Thus, 3 new columns will be created:
- **ISO-alpha**: column with the 3 letters corresponding to the ISO-3166 code of each country, so that it can be passed as an argument when creating maps.
- **Units**: column with the measurement units of each variable
- **Period**: column with the range of years associated with each measurement



To create the units column, a csv in Table format (including all variables for a single country in a single time interval) was downloaded from the AQUASTAT website and will be used as a reference.
- The Period column will be based on the timeline displayed on the AQUASTAT download page.



###### *So far, I haven't been able to find any information about what those codes were. The most likely explanation is that they refer to the data source, but since I'm not sure, I won't use it.

In [10]:
# Helper functions

from apps.helpers.ISO_dicts import *

def get_units(column):
   
    column = column.tolist()
    m_var = [re.search(r'^.+?(?=\(([^)]+)\)[^)]*\Z)', x)[0].strip() for x in column] # get full var name
    m_unit = [re.search(r'\(([^)]+)\)[^)]*\Z', x).group(1) for x in column] # get ONLY unit of measurement
    m_unit = [x.replace("^9 ", u"\u2079 ") for x in m_unit]
    m_unit = [x.replace("10", u"\u00B7 10") for x in m_unit]
    m_unit = [x.replace("m3", u"m\u00B3") for x in m_unit]
    m_unit = [x.replace("m2", u"m\u00B2") for x in m_unit]
    return m_var, m_unit

def match_time(x):  

    # return period (YYYY, YYYY) in which an x year is placed

    years_mean = range(1960,2023,5) # from AQUASTAT website
    years_period = [(i-2, i+2) for i in years_mean]

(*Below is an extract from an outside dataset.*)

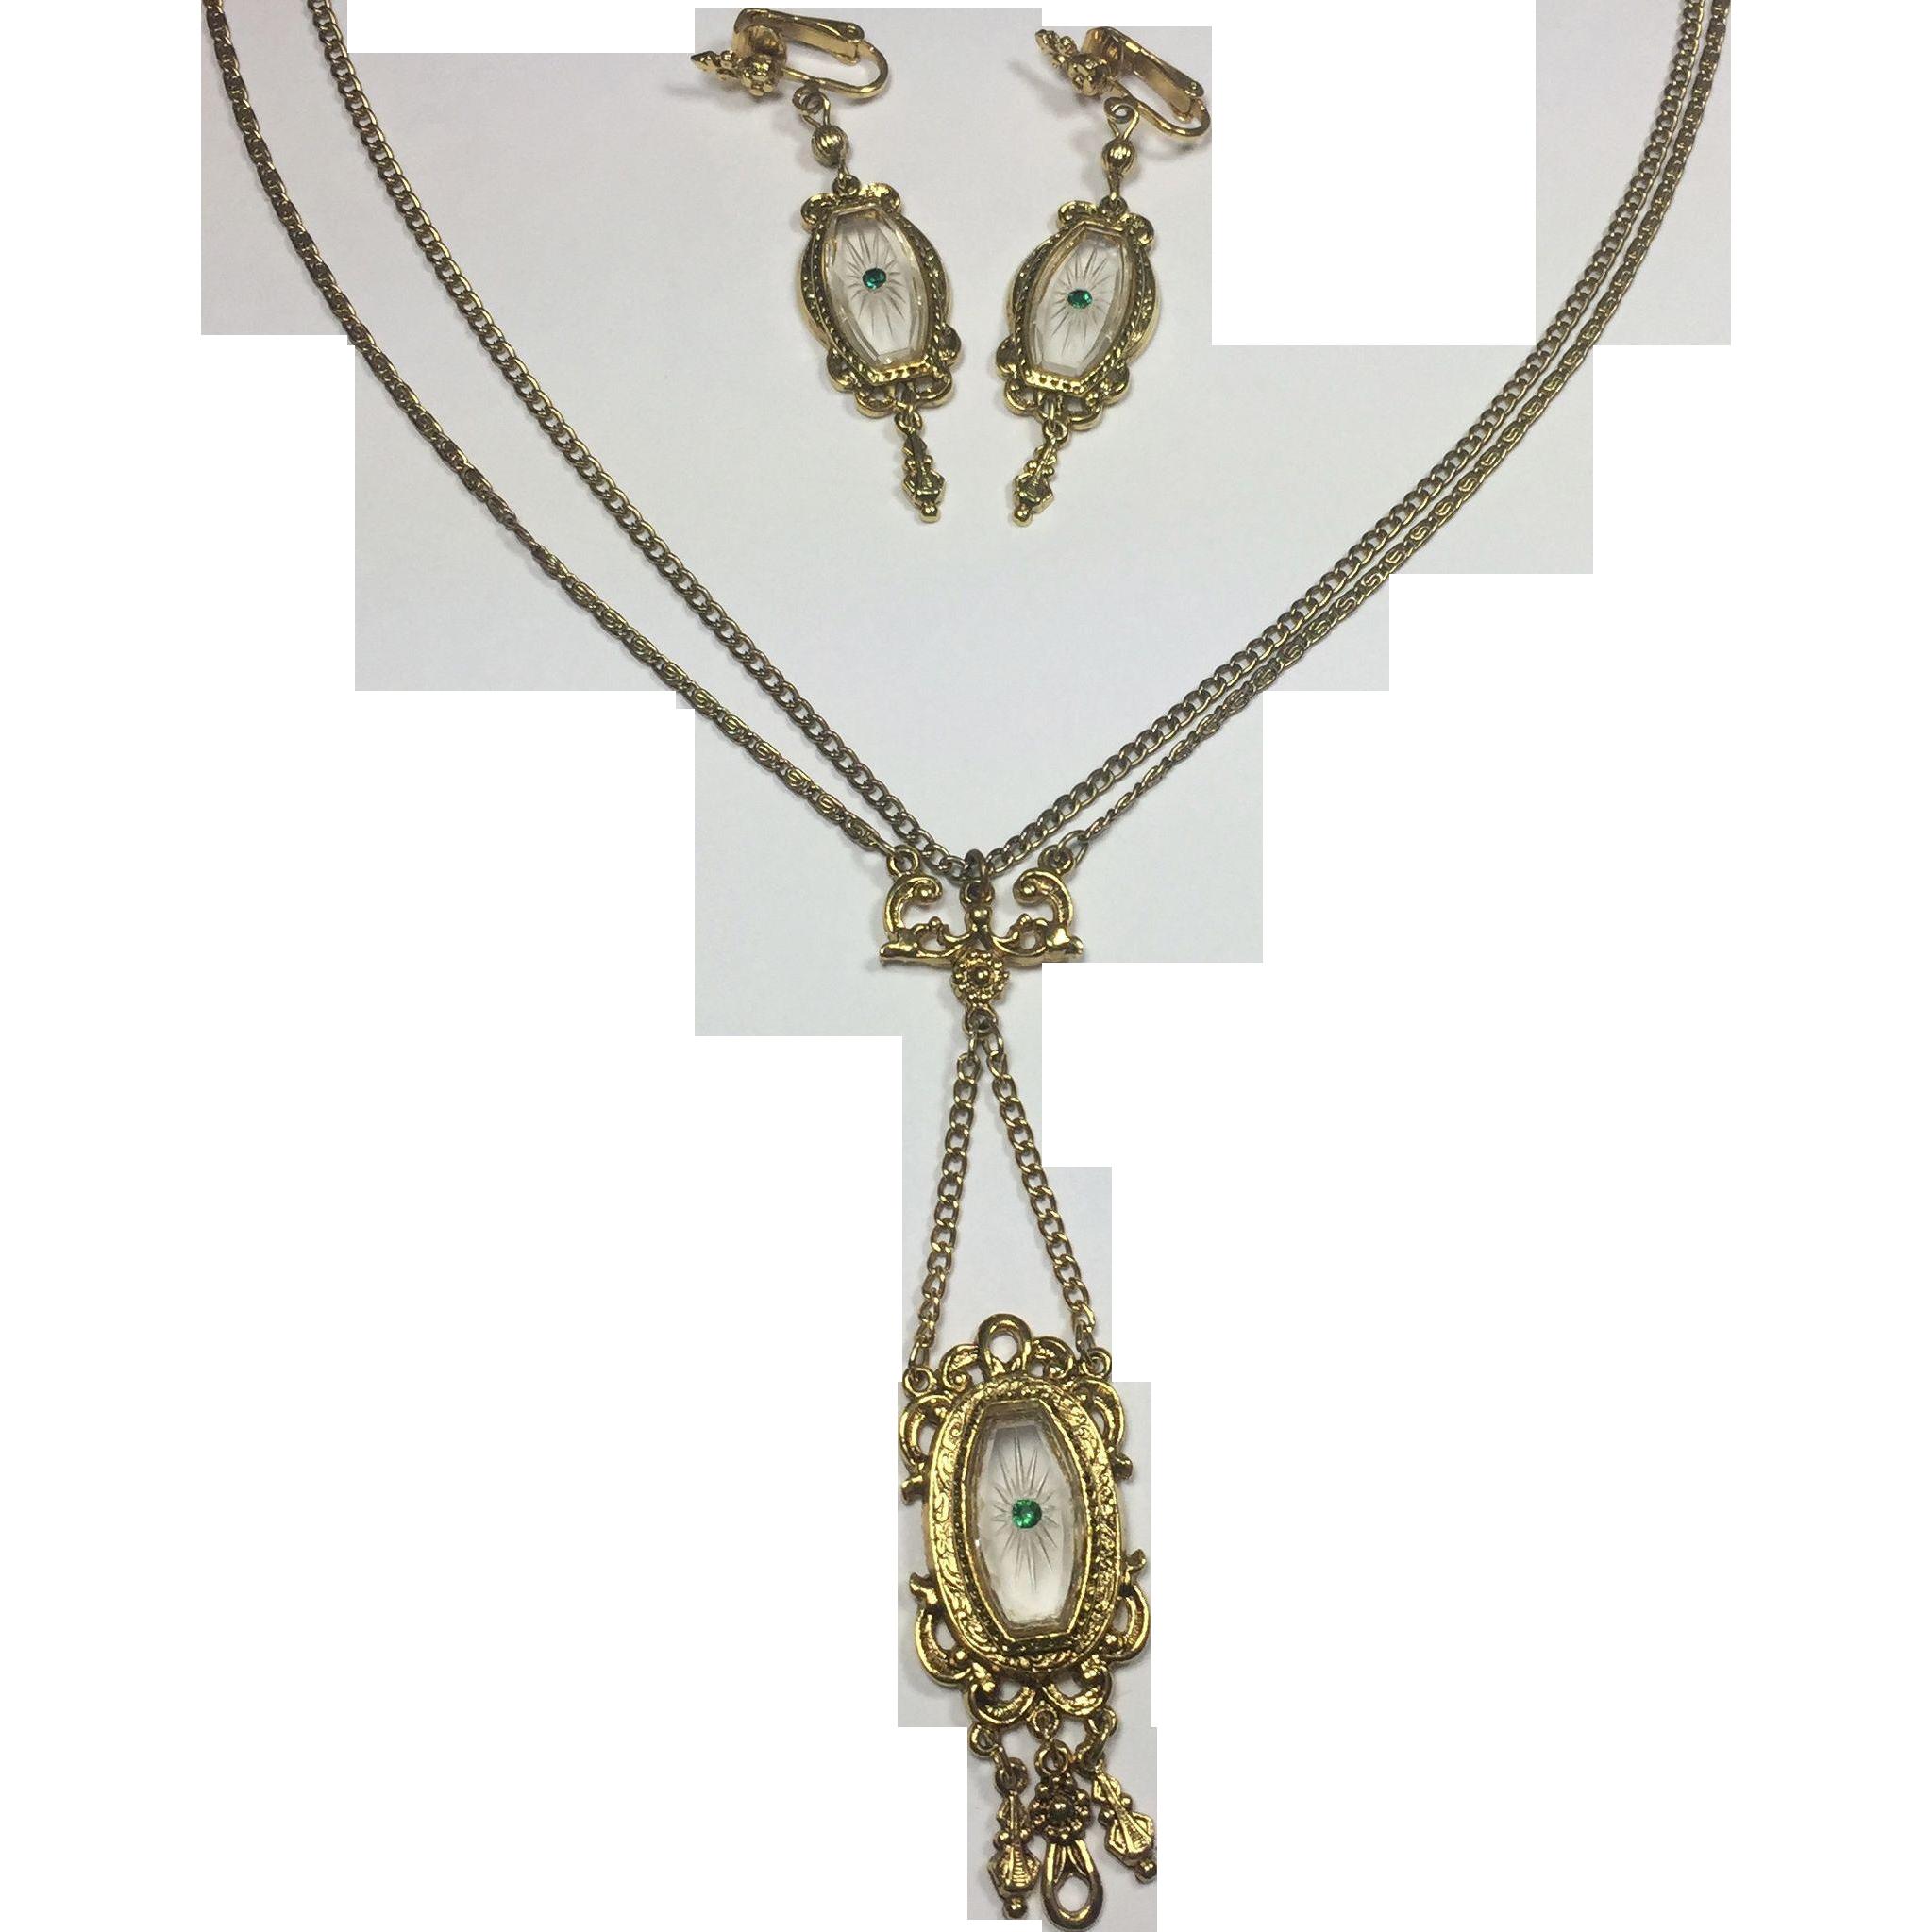 Victorian Nouveau Style Festoon Pendant Necklace & Earrings by ART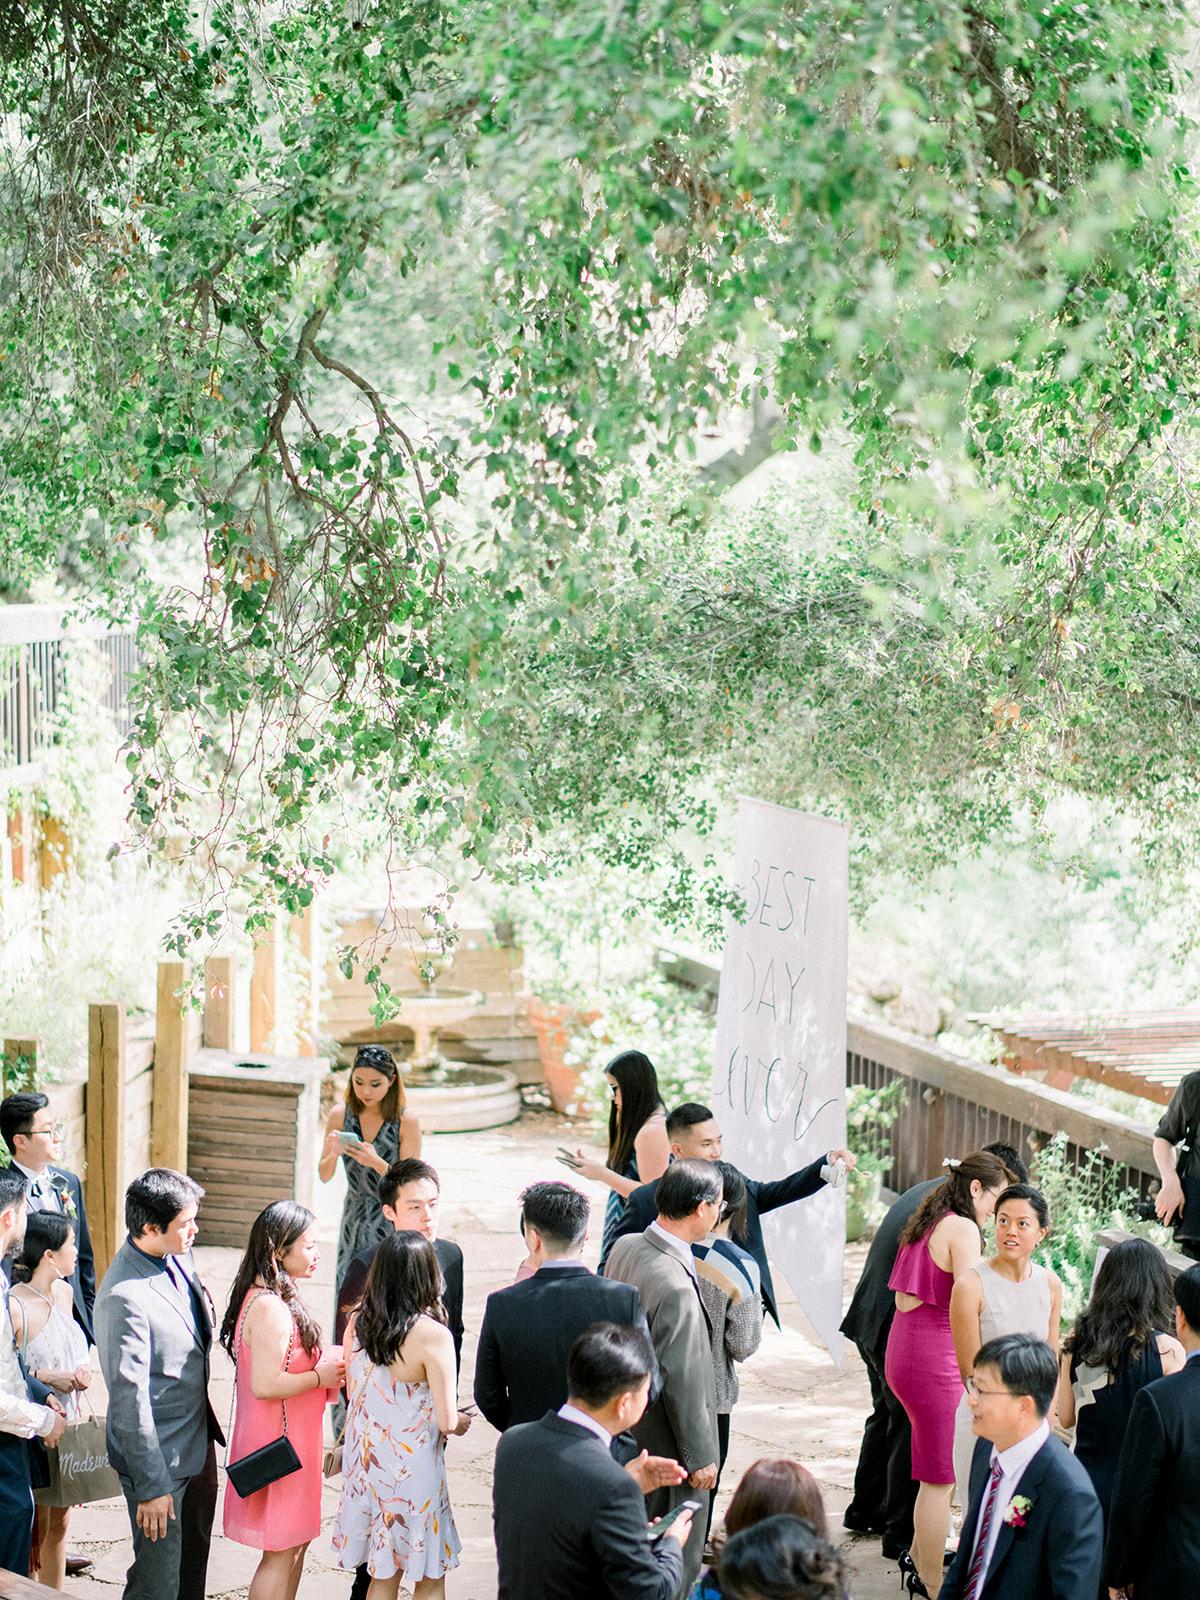 jueunandjon-etherandsmith-wedding-611.jpg

    for period in years_period:
        if x >= period[0] and x <= period[1]:
            return str(period)


def fix_md1(column, meta_list): 

    # list whit medatada explanations "[XXX]"
    output = [] 
    
    for x in column.tolist():
        if x == '-':
            output.append(x)
        else:
            x = int(re.search(r'\d+',  x)[0])  
            output.append(re.search(r'\d+.(.*?)\n',  meta_list[x]).group(1)) # get explanation from txt
    return output


def fix_units(column, prop_list, unit_list): 
    
    
    output = []

    for x in column.tolist():
        index = [i for i, j in enumerate(prop_list) if j == x] 
        output.append(unit_list[index[0]]) # gets only the first unit of measurement (sometimes there's a second version with worst formatting)
    return output





In [11]:
# Using a reference CSV
df_units = pd.read_csv(data_folder+'aquastat_units.csv',  header=0, names=[0,1,2,3,4,5]) 
df_units.drop(df_units.tail(7).index, inplace=True) # Remove footer and empty row

prop_list, unit_list = get_units(df_units[1])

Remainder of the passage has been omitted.